Johnson was born in New Jersey on 24th January 1945 but moved to New York after graduating high school. She changed her name, legally, to Marsha P. Johnson after moving, having previously been called Malcolm Michael Jr. The P in her name ‘stood for Pay It No Mind, which is how Johnson responded when people enquired about her gender’. Johnson became known as the ‘self-made drag queen of Christopher Street’ and was recognised for her individual style and costume design. 

Embed from Getty Images

She became an activist for pioneering LGBT+ youth and along with her friend Sylvia Rivera, who was a Latina Trans-rights activist. They went on to found S.T.A.R (Street Transvestite Action Revolutionaries), an organisation which supported and provided shelter for LGBT+ youth, in New York, Chicago, and California.  

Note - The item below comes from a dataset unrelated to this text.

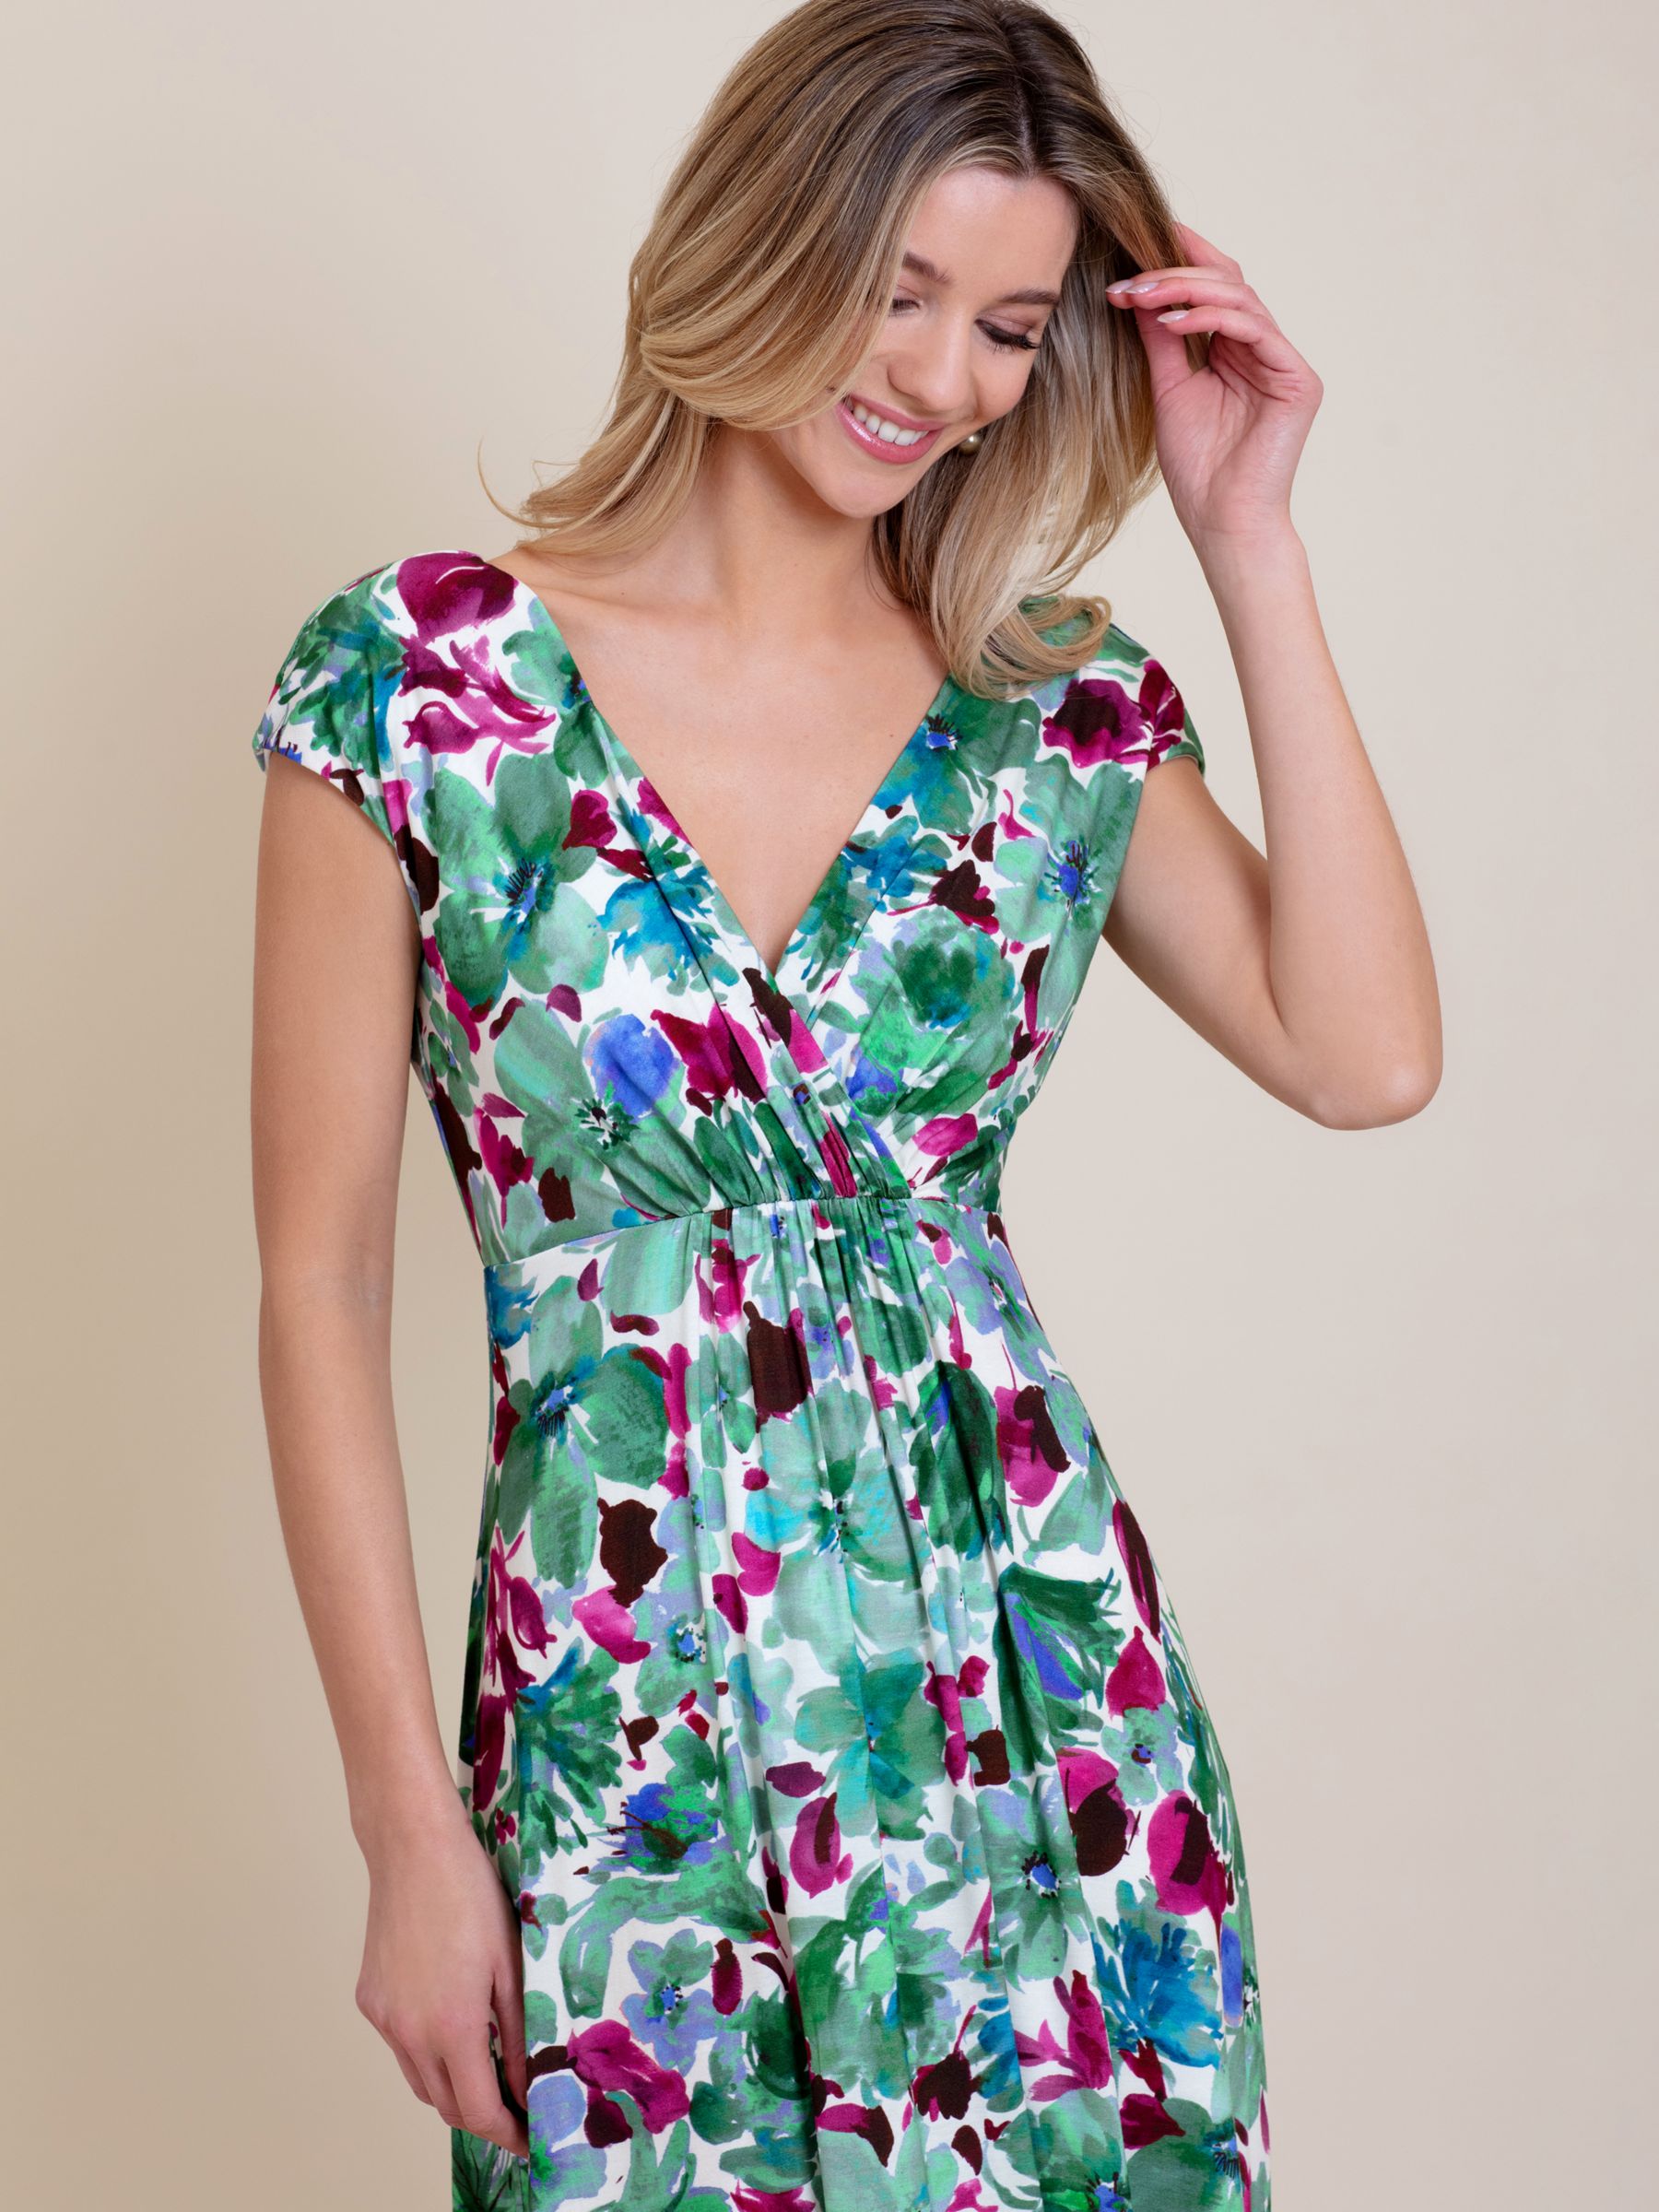 Alie Street Sophia Floral Maxi Dress, Multi, 18-20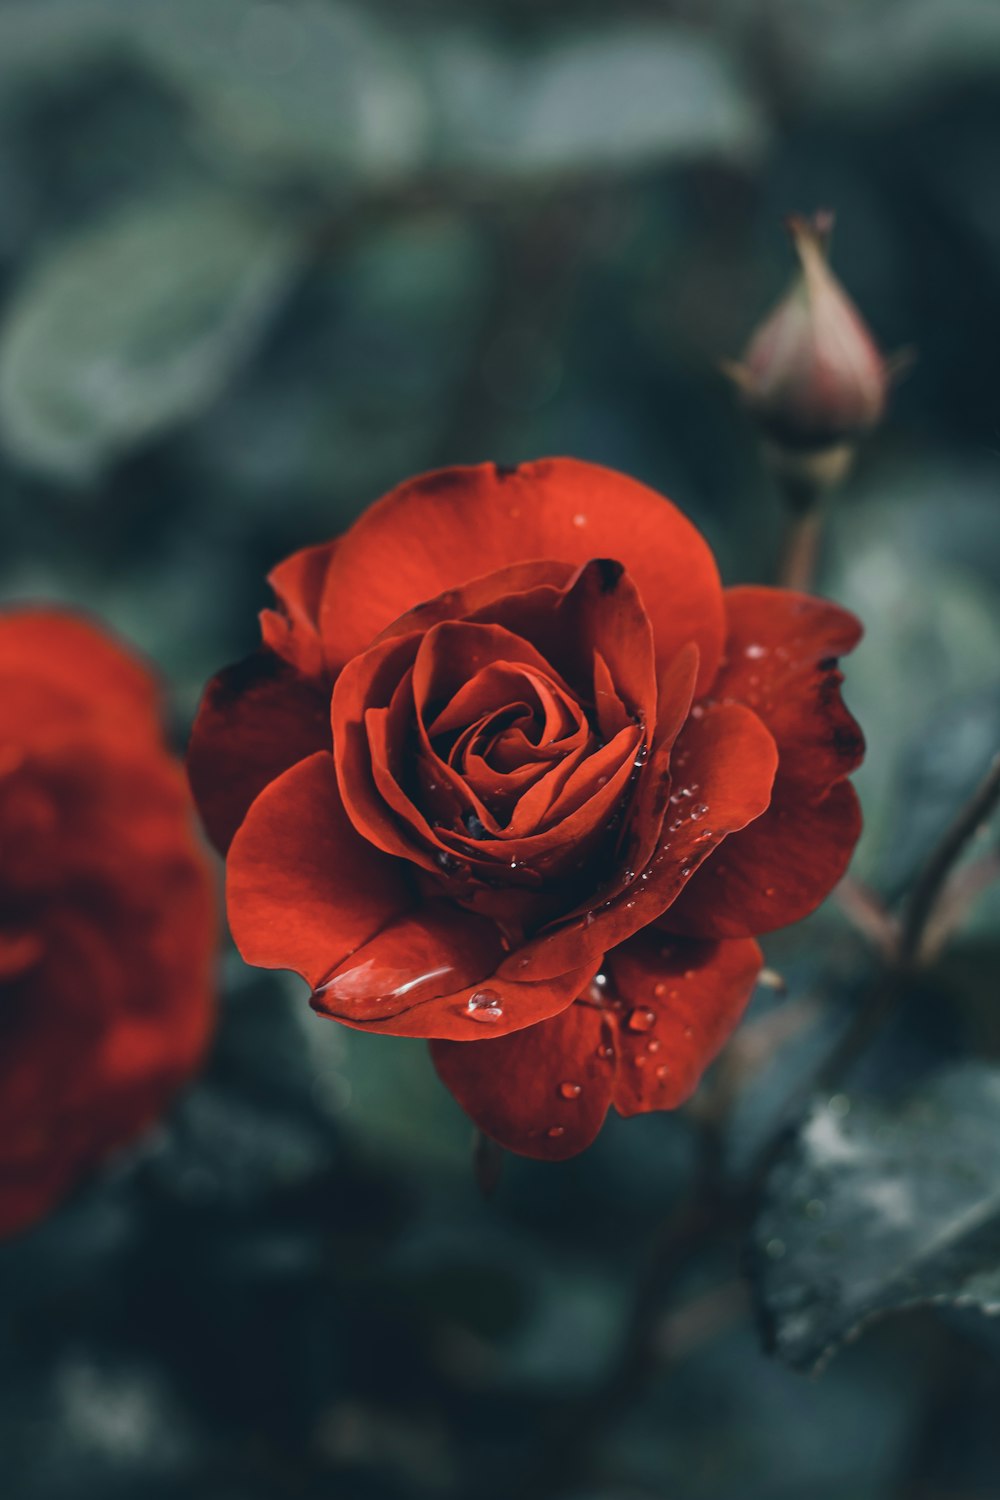 rosa rossa in fiore nella fotografia ravvicinata

Furthermore, Johnson was member of the AIDS Coalition to Unleash Power (ACT UP). Johnson actively supported and helped those suffering from AIDS, whilst she herself was also HIV positive.  

Johnson’s body was found in the Hudson River on July 6, 1992, the police ruled her death as suicide, but her friends and the community felt that this was questionable, thus protests broke out after her death. During 1992 alone the New York City Anti-Violence Project received several reports of violence and attacks against transgender individuals, with some of these including attacks by the police. At this present time there has been no developments in her case.  

In 2019 The City of New York announced that it plans to put up statues of Johnson and Rivera, in their memory and honourIn addition the Marsha P. Johnson Institute, which was founded by Elle Hearncontinues the work and activism that Johnson undertook and stood for. Their mission statement reads:  

‘The Marsha P. Johnson Institute (MPJI) protects and defends the human rights of BLACK transgender people. We do this by organizing, advocating, creating an intentional community to heal, developing transformative leadership, and promoting our collective power. 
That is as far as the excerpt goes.